David Walsh, the multi-millionaire professional gambler behind Australia's largest privately owned museum, the Museum of Old and New Art (Mona) in Hobart, Tasmania, opens a new wing called Phrontisterion this weekend. Costing an estimated A$100m ($70m), it is the largest construction project in Mona's 15-year history, increasing display space from 8,440 sq. m to roughly 12,640 sq. m. The wing includes Walsh's 'dream library', new permanent installations by artists such as Anselm Kiefer, Julian Charrière, Matthew Barney, and Joshua Yeldham, as well as works by 17th-century cartographer Willem Blaeu. Notable additions include Charrière's Breathe, which lets visitors inhale oxygen from ancient iron ore, and Kiefer's inverted concrete pyramid Elektra (2025), reconstructed from his outdoor studio in France.
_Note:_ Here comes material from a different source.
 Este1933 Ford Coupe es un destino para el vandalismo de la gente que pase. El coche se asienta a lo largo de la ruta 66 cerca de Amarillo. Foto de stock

New Zealand's Venice Biennale pavilion explores the secret life of birds

New Zealand returns to the Venice Biennale in 2025 with Fiona Pardington’s solo exhibition *Taharaki Skyside* at the Istituto Provinciale per l’Infanzia Santa Maria della Pietà. The show features 17 large-scale photographic portraits of taxidermied birds from the South Canterbury Museum Timaru’s collection, including the extinct whēkau (laughing owl) and the critically endangered kākāpō. Pardington, an artist of Māori and Scottish descent, draws on Māori cosmology in which birds serve as spiritual messengers, and her work continues a long-standing photographic investigation of objects that hold “mana” (power) for Māori people.
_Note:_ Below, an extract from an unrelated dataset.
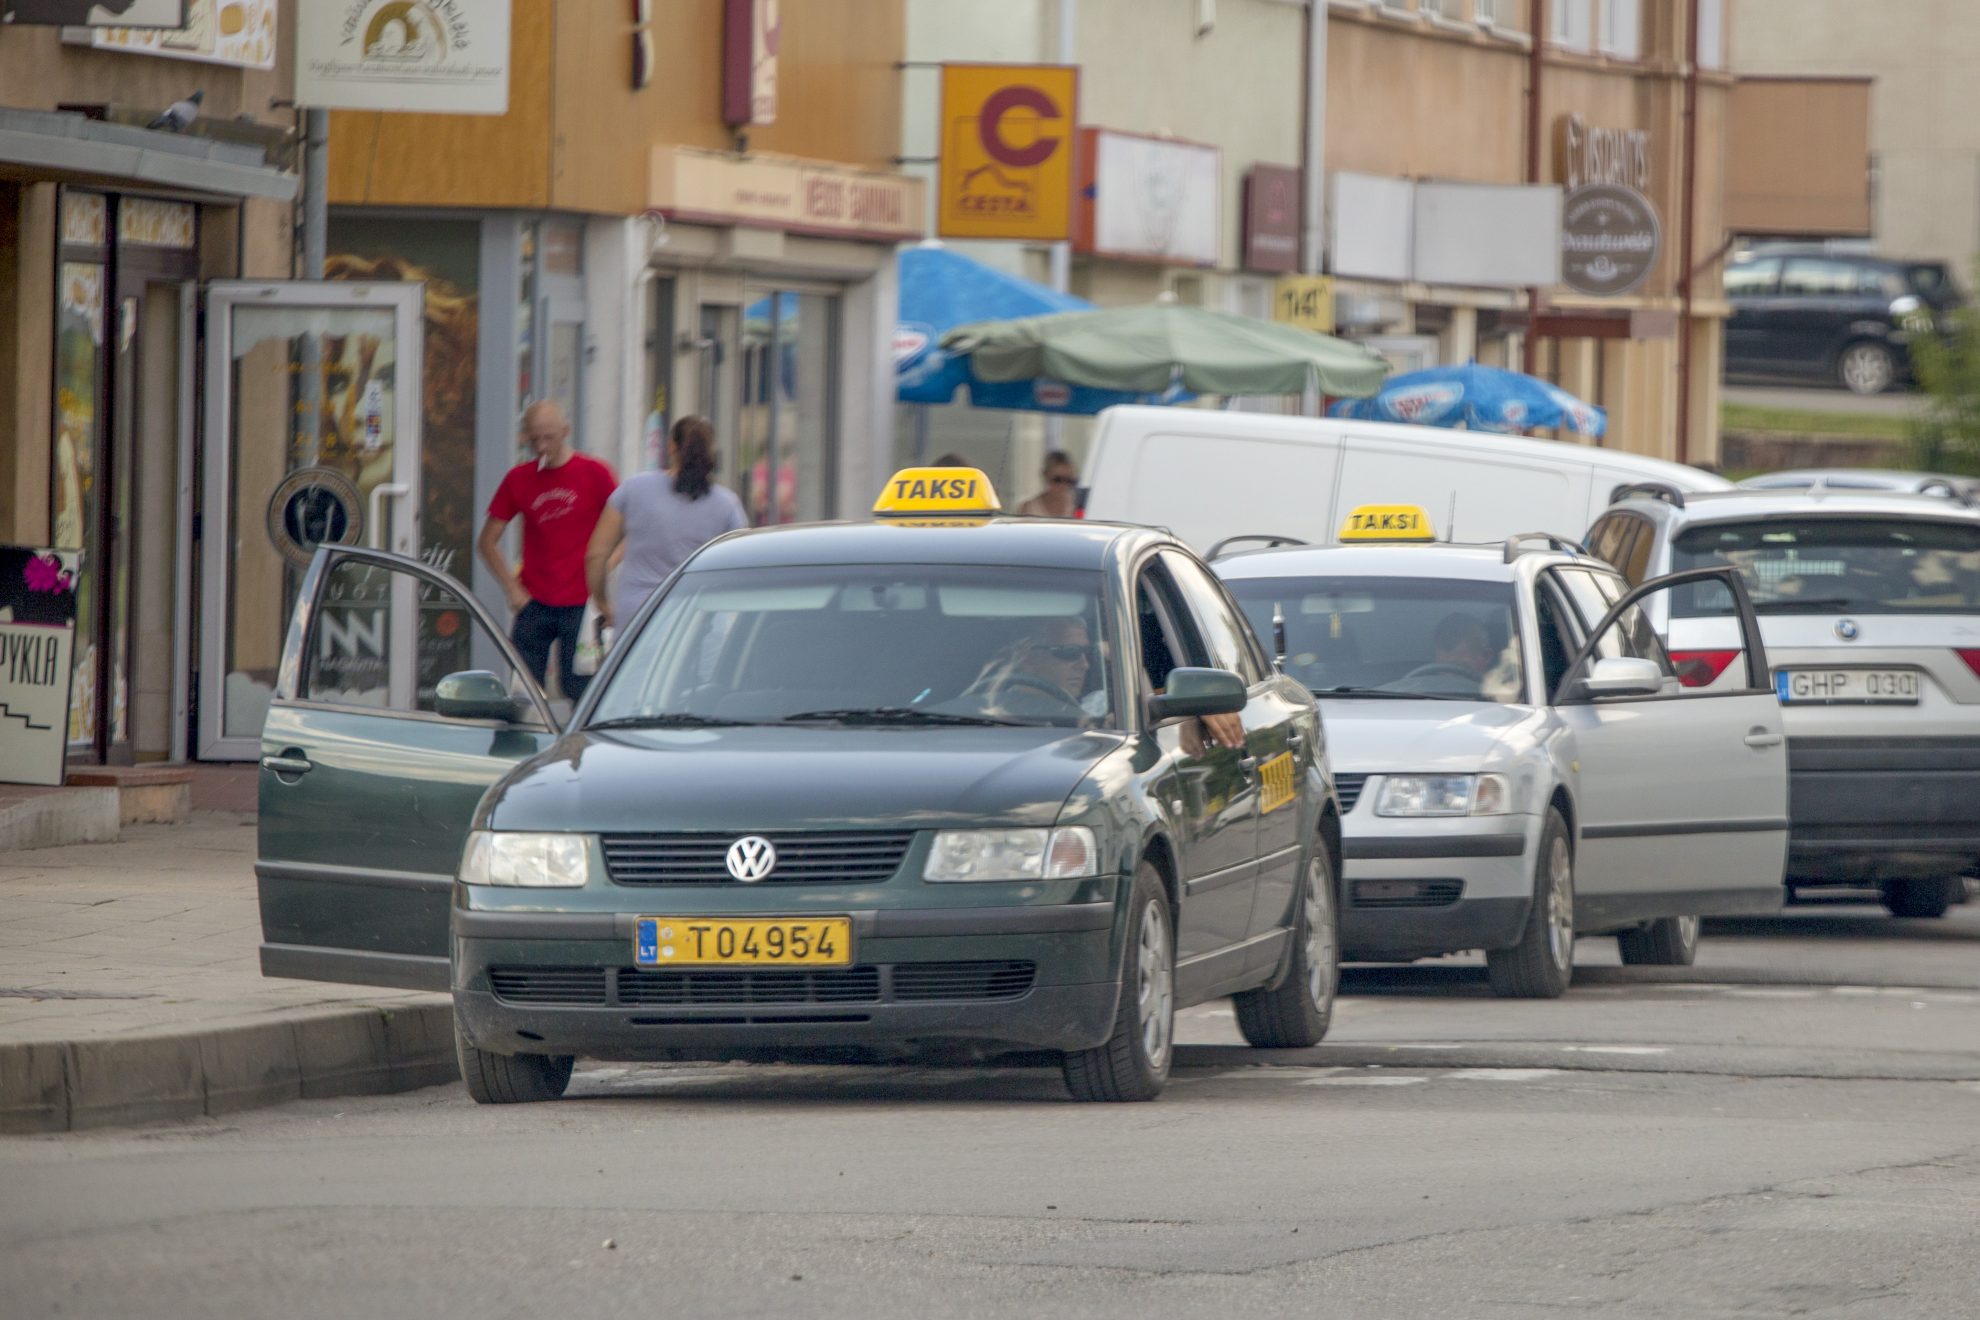 Pavėžėjimo paslaugos Panevėžyje teikiamos jau kone metus, tačiau daugelis panevėžiečių į šią naujovę vis dar žiūri nepatikliai ir mieliau renkasi taksi. V. Bulaičio nuotr.

The forgotten Chinese conceptualists: Melbourne show brings together works by New Measurement Group

An exhibition at Buxton Contemporary in Melbourne, titled "Poetry Goes No Further Than Language: a Historical Moment of Art Becoming Art Again," brings together the complete artistic output of the New Measurement Group, a pioneering Chinese conceptual art collective from Beijing, alongside four conceptual experiments by Shanghai-based artist Qian Weikang. Curated by Carol Yinghua Lu and artist Liu Ding, the show aims to reassess early Chinese conceptual art, featuring works by the New Measurement Group (Chen Shaoping, Gu Dexin, Wang Luyan), pieces from the New Wave art movement, and new commissions by Melbourne artist Darcey Bella Arnold. The curators faced challenges locating the group's five publications, including one purchased on eBay from Europe, and used re-enactment and re-fabrication to recreate lost works like Qian's "Ladder Poem" (1990).